Маяковский не перестал верить в советскую власть — думаю, до конца; но ему стало нечем дышать. Он еще не связывает это напрямую с теми идеями, которые десять лет так самоубийственно защищал, но не может не видеть, что к десятилетнему своему юбилею эта революция, которая была единственным смыслом его жизни, пришла совершенно переродившейся. Ошибкой и непростительным упрощением было бы думать, что советская власть с самого своего рождения не занималась ничем, кроме репрессий; еще большая ошибка — думать, что репрессивный уклон начался с «года великого перелома», проклятого двадцать девятого. Главным содержанием всей второй половины двадцатых были именно расправы, суды, поиск новых врагов,— в сущности, утопия кончилась уже при появлении нэпа, но нэп позволял хотя бы дышать. После двадцать пятого дышать все труднее; насквозь проюбилеенный двадцать седьмой — год окончательного прощания с иллюзиями. Все попытки оправдать происходящее ни к чему не приводят, как бессмысленно во время дождя кричать о благотворности холодных обливаний: все равно мокро. Маяковский не может писать потому, что не может дышать. Истинное его завещание — не мертвый, жестяной «Во весь голос», а «Хорошо». И смысл названия этой поэмы совершенно очевиден — ведь первоначально Маяковский назвал ее «Октябрь», но потом выбрал другое название с другим смыслом. «Хорошо» — предсмертное благословение Блока, о чем Маяковский писал в некрологе: «Мы дошли до Детского подъезда. Спрашиваю: «Нравится?» — «Хорошо»,— сказал Блок, а потом прибавил: «У меня в деревне библиотеку сожгли»».
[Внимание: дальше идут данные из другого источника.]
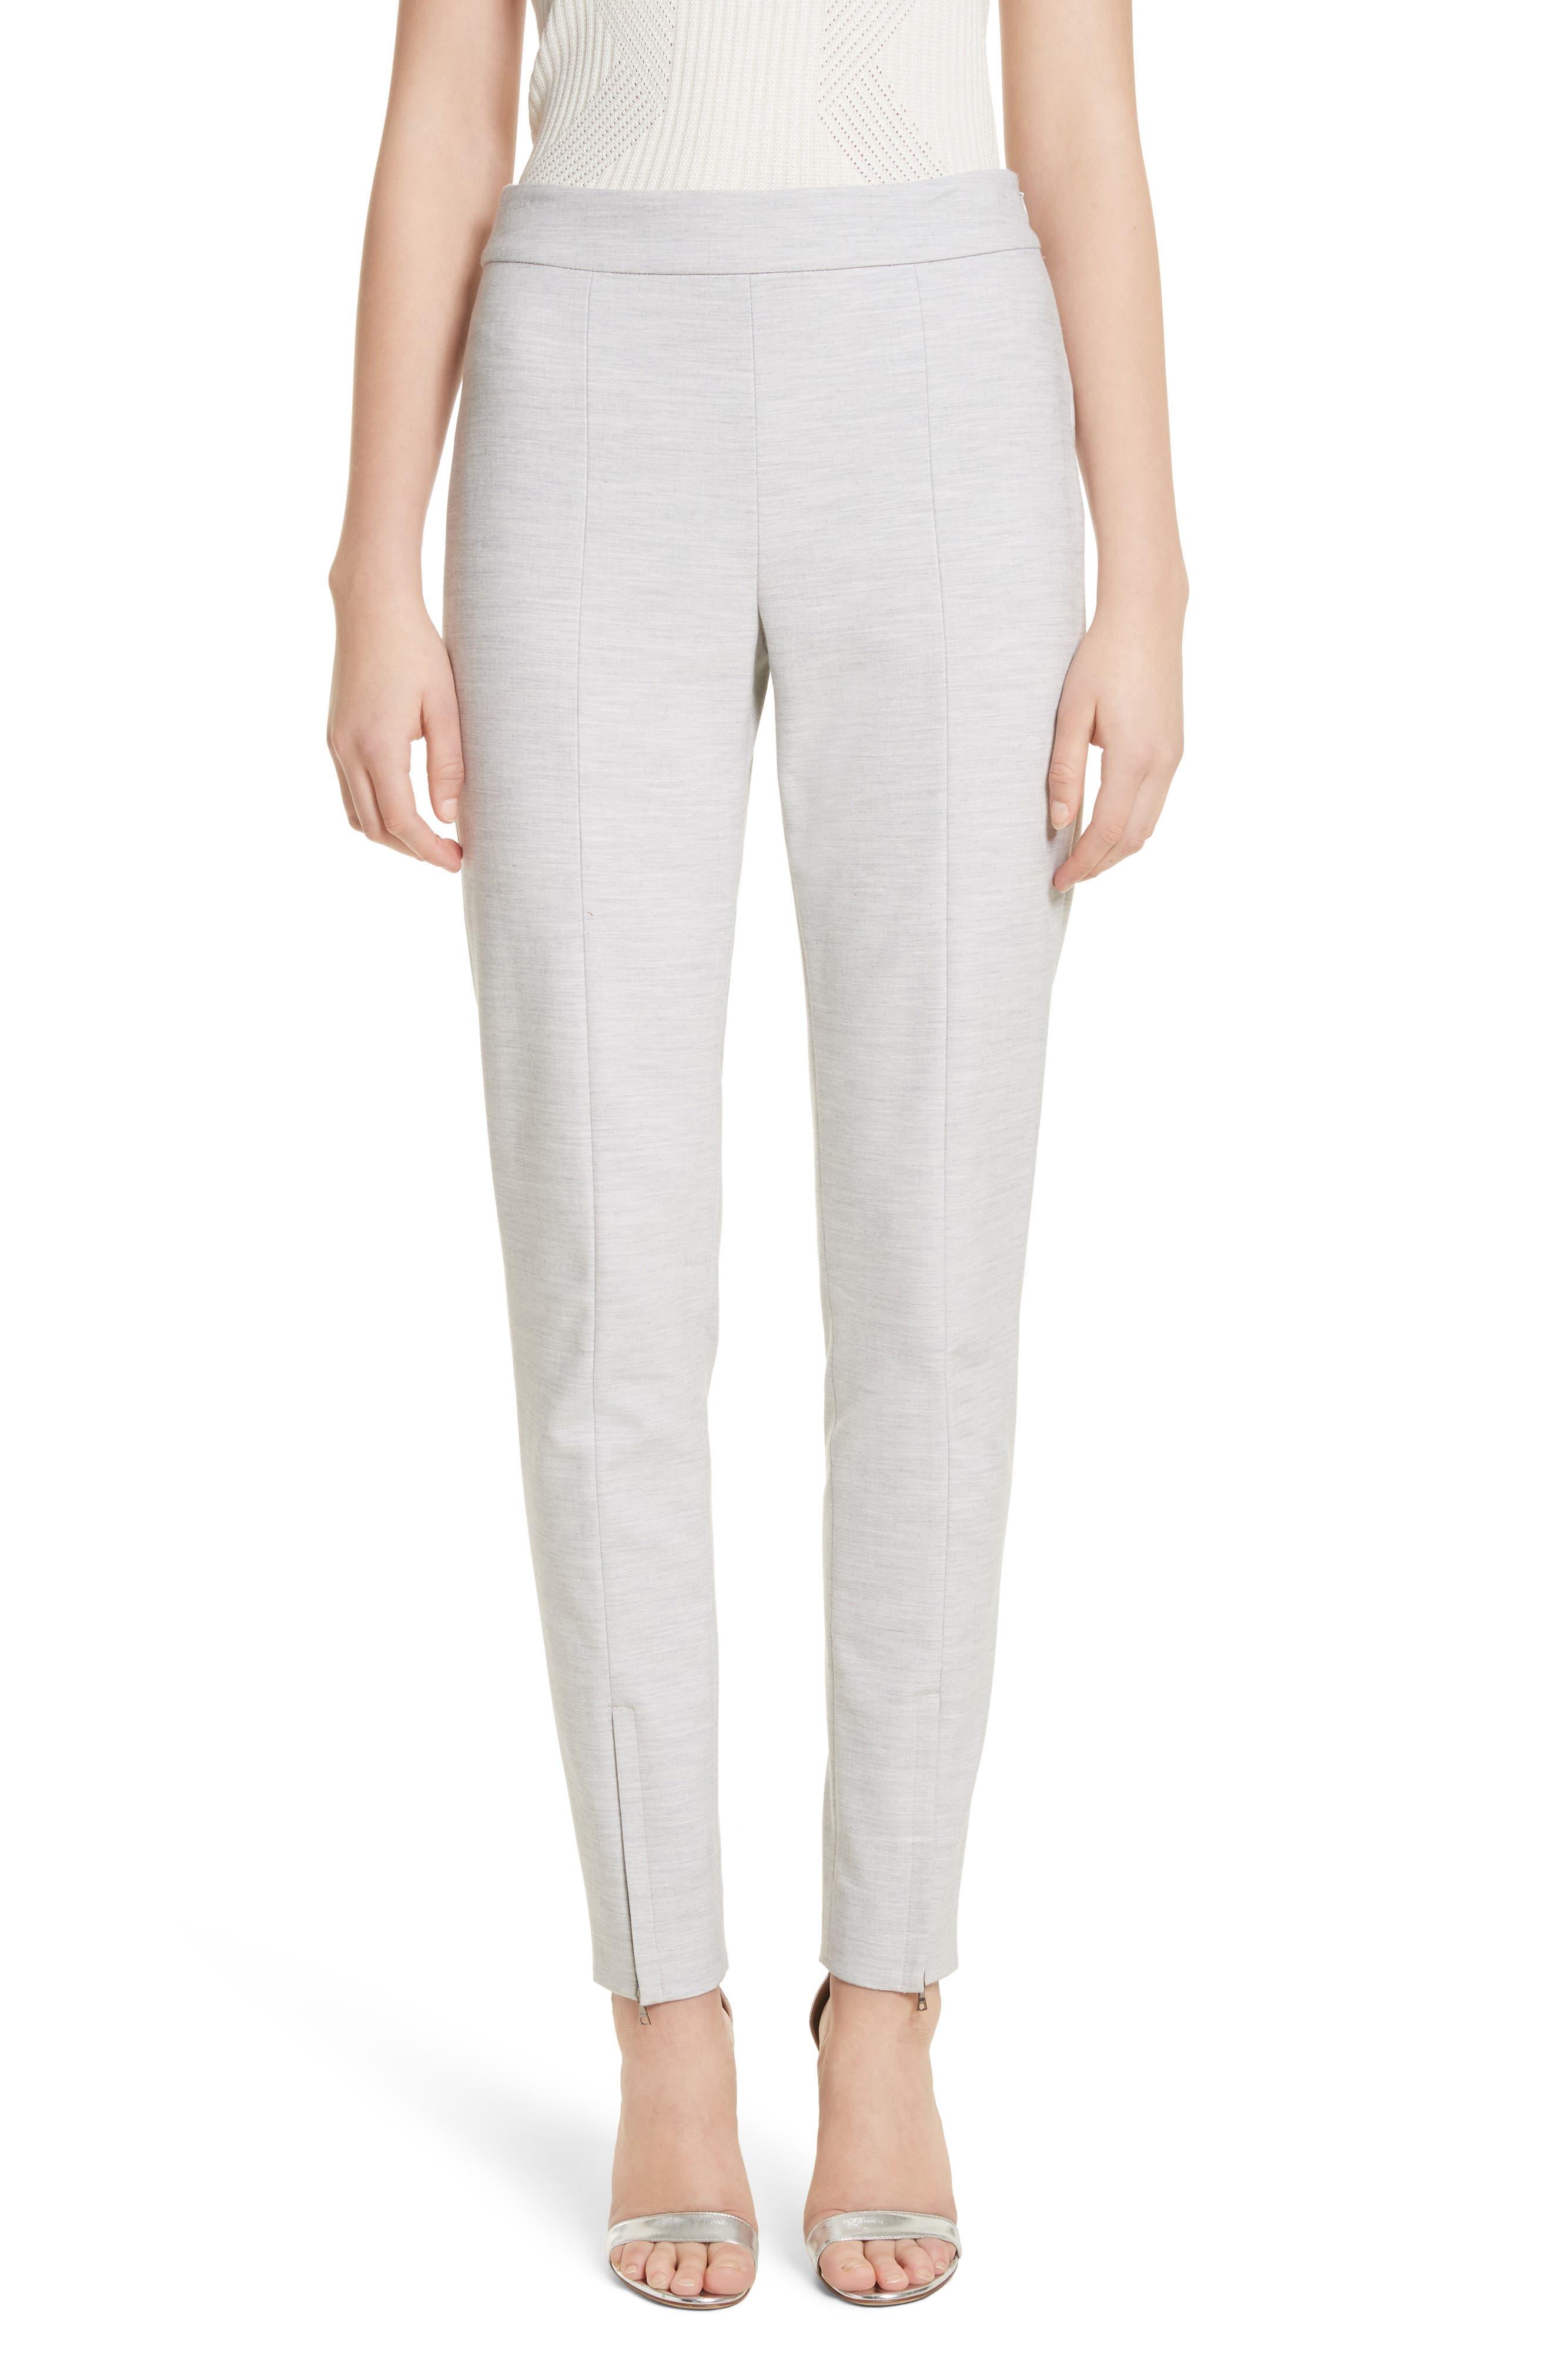 Summer Bella Double Weave Pants,                         Main,                         color, Light Grey Melange

Поэма Маяковского — такое же предсмертное «Хорошо», сказанное у Детского подъезда. Только не «библиотеку сожгли», а революцию убили, а так — все хорошо.
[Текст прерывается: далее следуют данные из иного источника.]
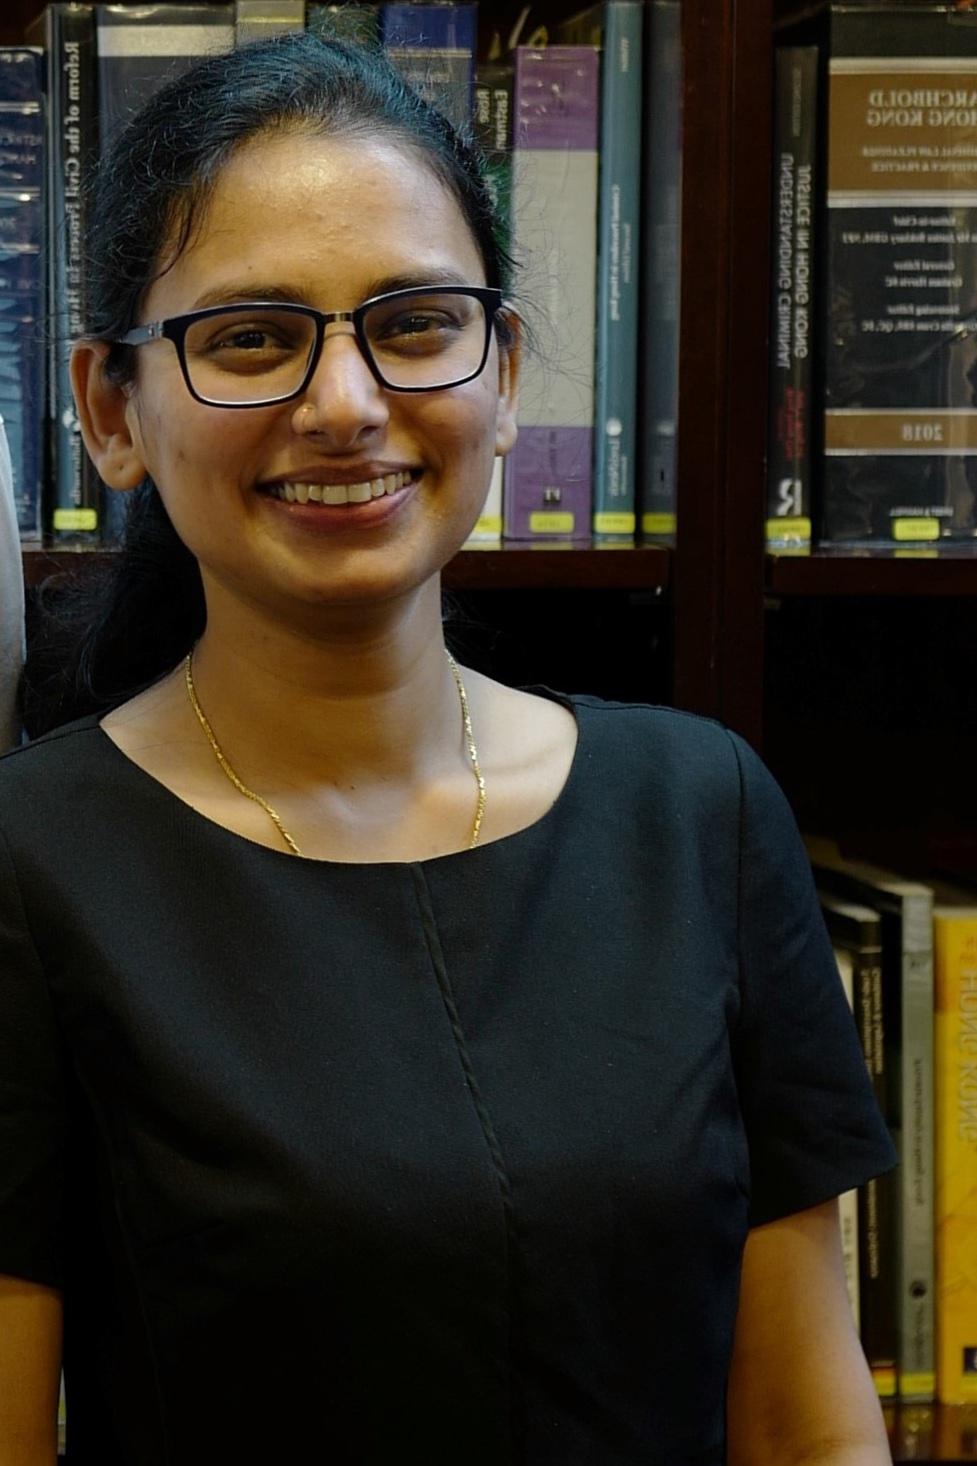 Amee Dharamshi

Аналогий и параллелей с «Двенадцатью» тут множество, но главная — амбивалентное отношение к эпохе, в которой прекрасное сочетается со зверским. Никогда, нигде больше Маяковский не был так откровенен в описании собственной трагедии: «Хорошо» — поэма жестокая, в ней славословия революции,— немногочисленные, кстати, и не слишком громкие,— сочетаются с редким по объективности рассказом о жестокости и мрачности эпохи. Больше того: в ней есть и тоска по «сожженным библиотекам», и предсмертное благословение новым временам, в которых автор уже себя не видит; девятнадцатая главка в этом смысле, пожалуй, лишняя, но образцовая ее фальшь показательна; да, таков голос новой эпохи.
2
27 июня 1926 года в Одессе произошло одно из самых важных и приятных знакомств в жизни Маяковского. Перед выступлением во Дворце моряка он нервно ходил по сцене, по обыкновению катая папиросу во рту. Билеты продавались вяло. За полчаса до выступления к нему подошел невысокий, отменно вежливый молодой человек лет тридцати:
— В Одессе говорят, вы собираетесь в Крым?
— Правильно говорят, собираюсь.
— Не хотите выступить там?
— Кто там пойдет меня слушать, если я здесь зала не собрал?
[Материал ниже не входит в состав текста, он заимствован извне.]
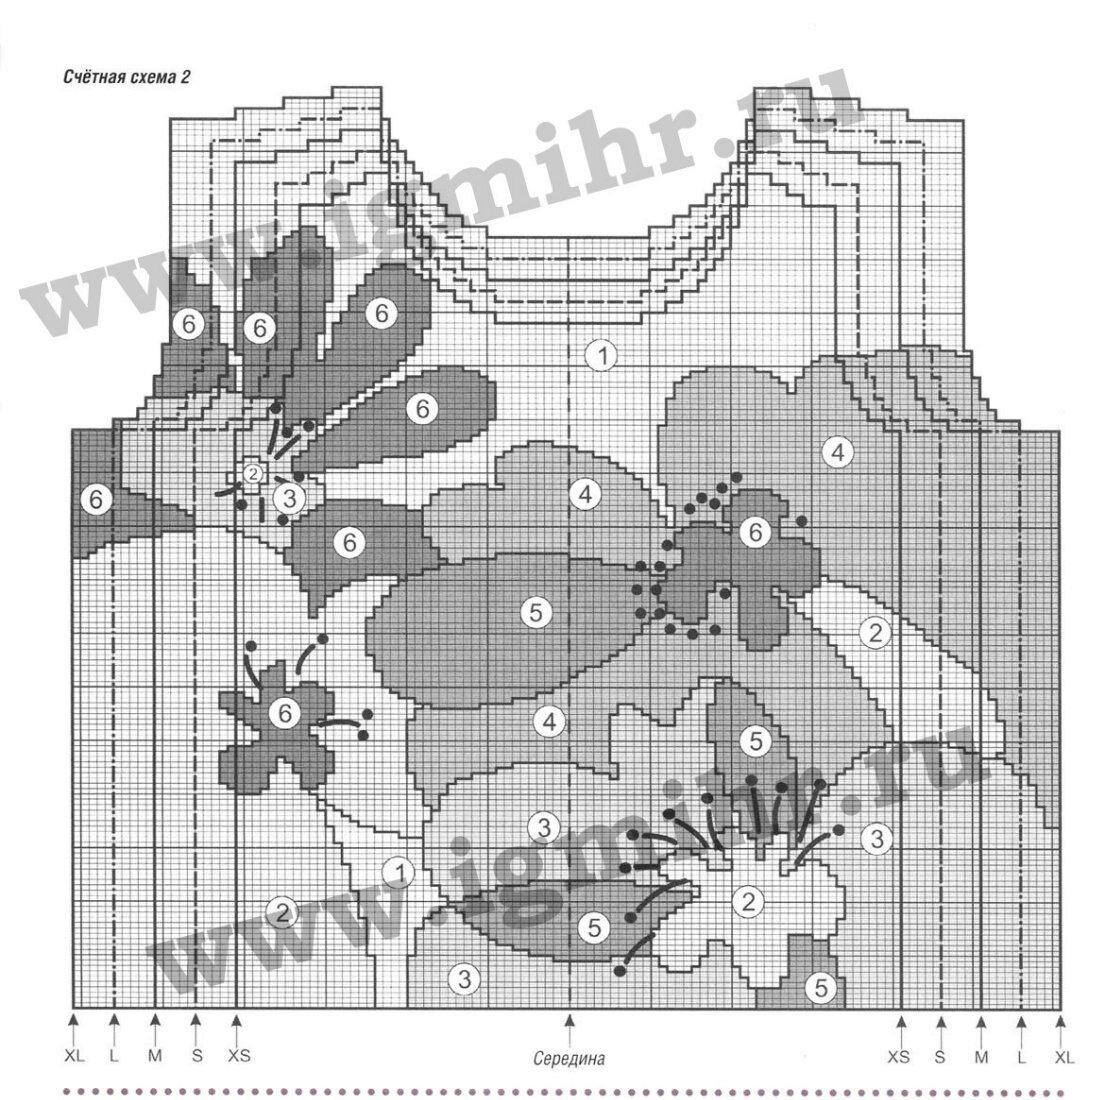 http://img-fotki.yandex.ru/get/9254/211045765.3/0_cedaa_299d6e7e_XXXL.jpg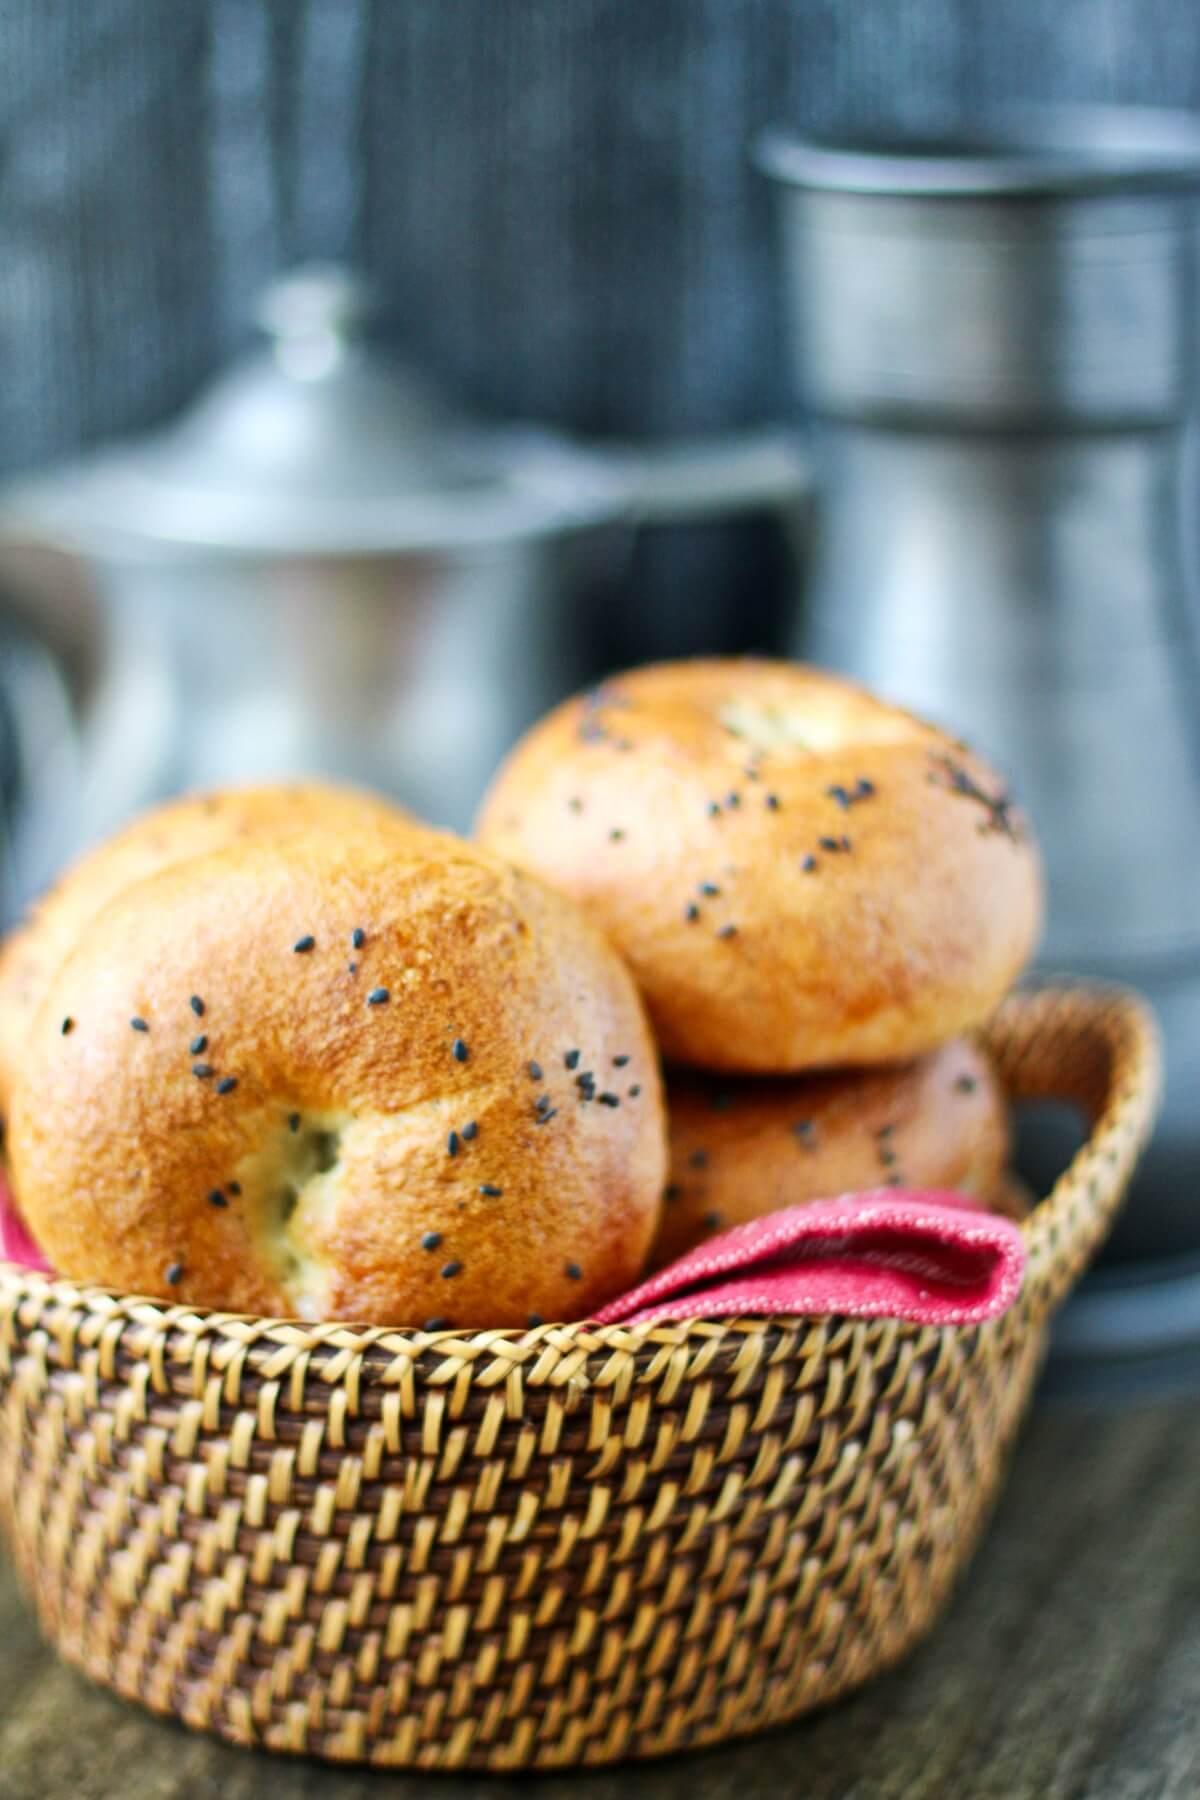 Bagels in a basket.

— Мне кажется, на курортах обязательно будут слушать. Дело не в вас, а в неправильной организации.
— А вы что, беретесь организовать правильно?
— Мне кажется, я мог бы…
— Хорошо. Завтра ровно в час приходите ко мне в Лондонскую. Не опаздывайте.
Так в его жизни появился человек, с которым он, пожалуй, в конце двадцатых провел больше всего времени — больше, чем с любым писателем, и уж никак не меньше, чем с Бриками. Организатором его выступлений и спутником в бесконечных разъездах стал Павел Лавут, увековеченный в шестнадцатой главе «Хорошо» и написавший о Маяковском едва ли не самые доброжелательные и достоверные мемуары — «Маяковский ездит по Союзу».